#### Dataset excerpt ####

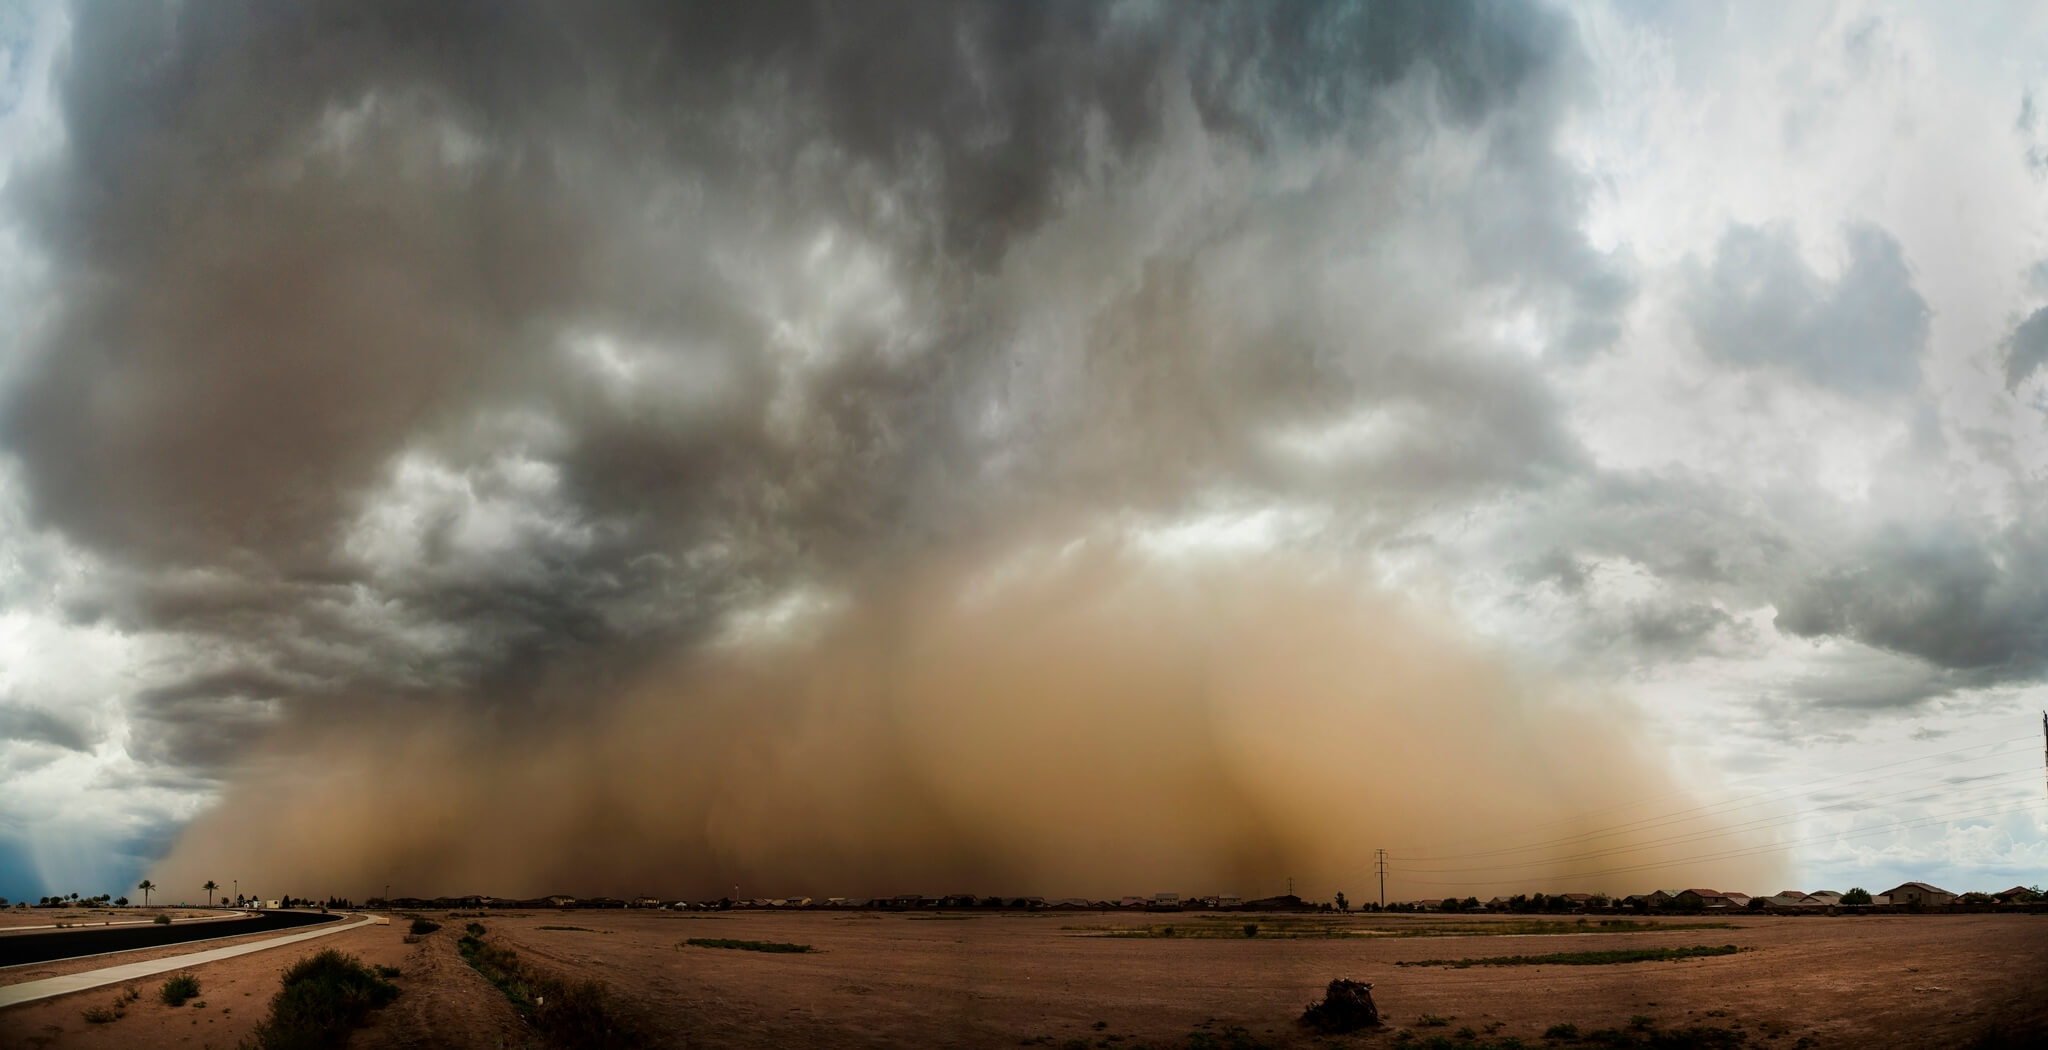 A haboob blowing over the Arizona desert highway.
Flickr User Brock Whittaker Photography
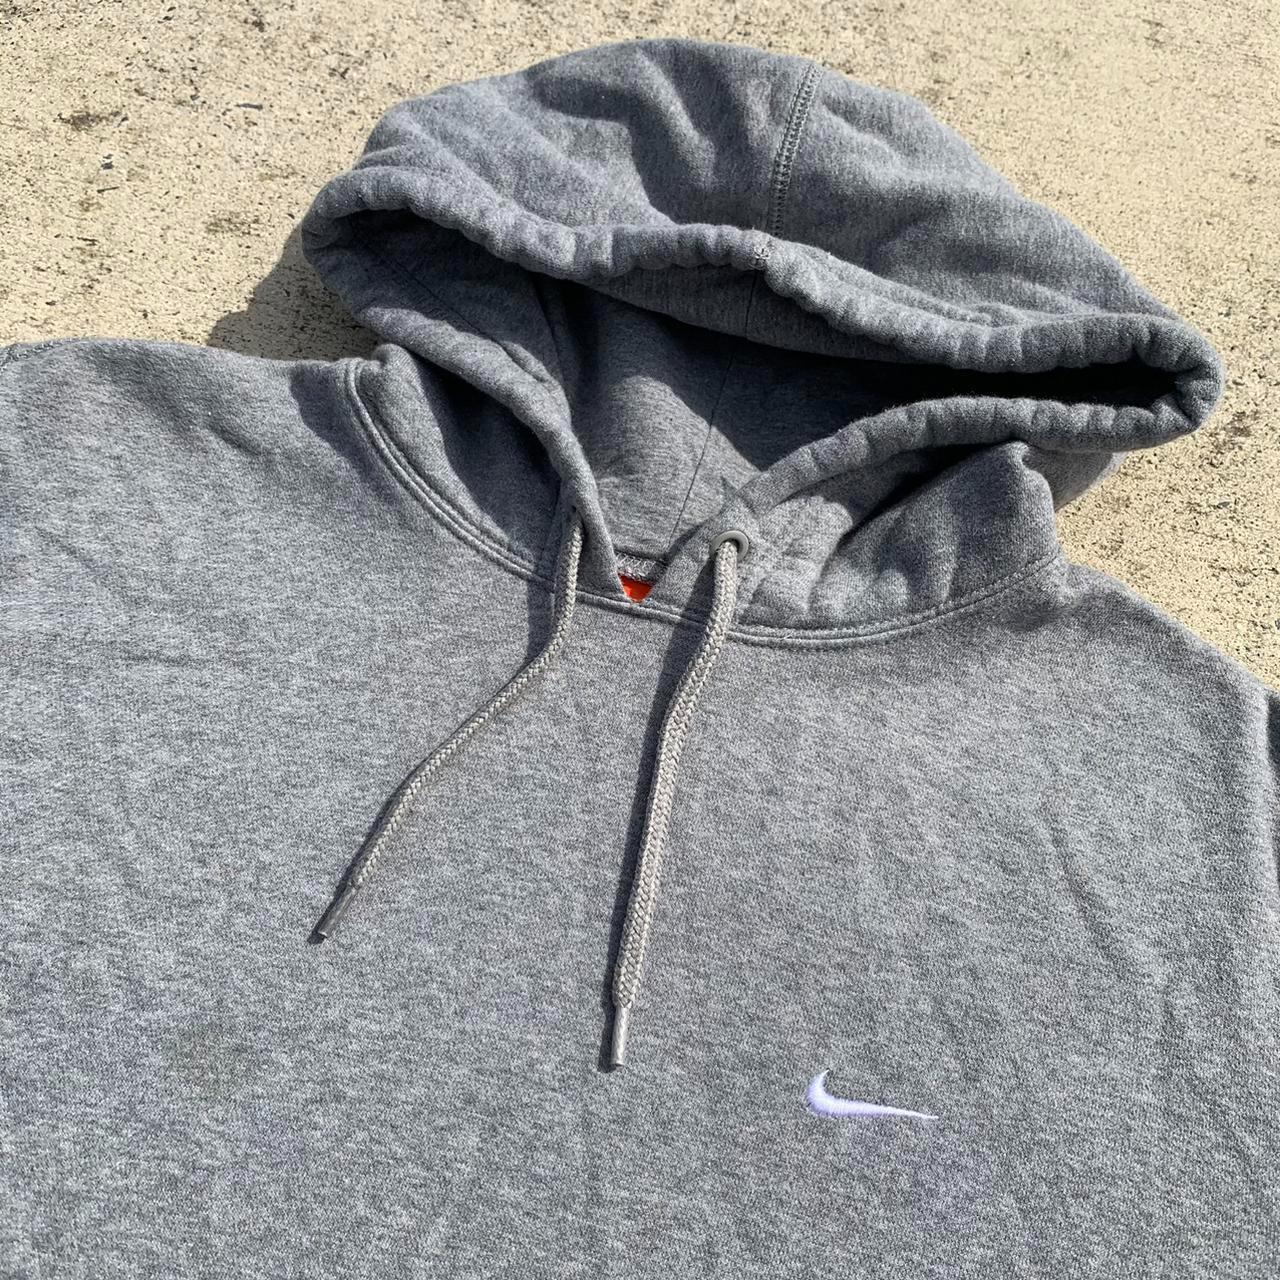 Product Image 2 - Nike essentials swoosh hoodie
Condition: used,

####

### Exercise
A verbatim copy of the data, with all pictures omitted, is the required output.

### Answer to this problem
 A haboob blowing over the Arizona desert highway.
Flickr User Brock Whittaker Photography
 Product Image 2 - Nike essentials swoosh hoodie
Condition: used,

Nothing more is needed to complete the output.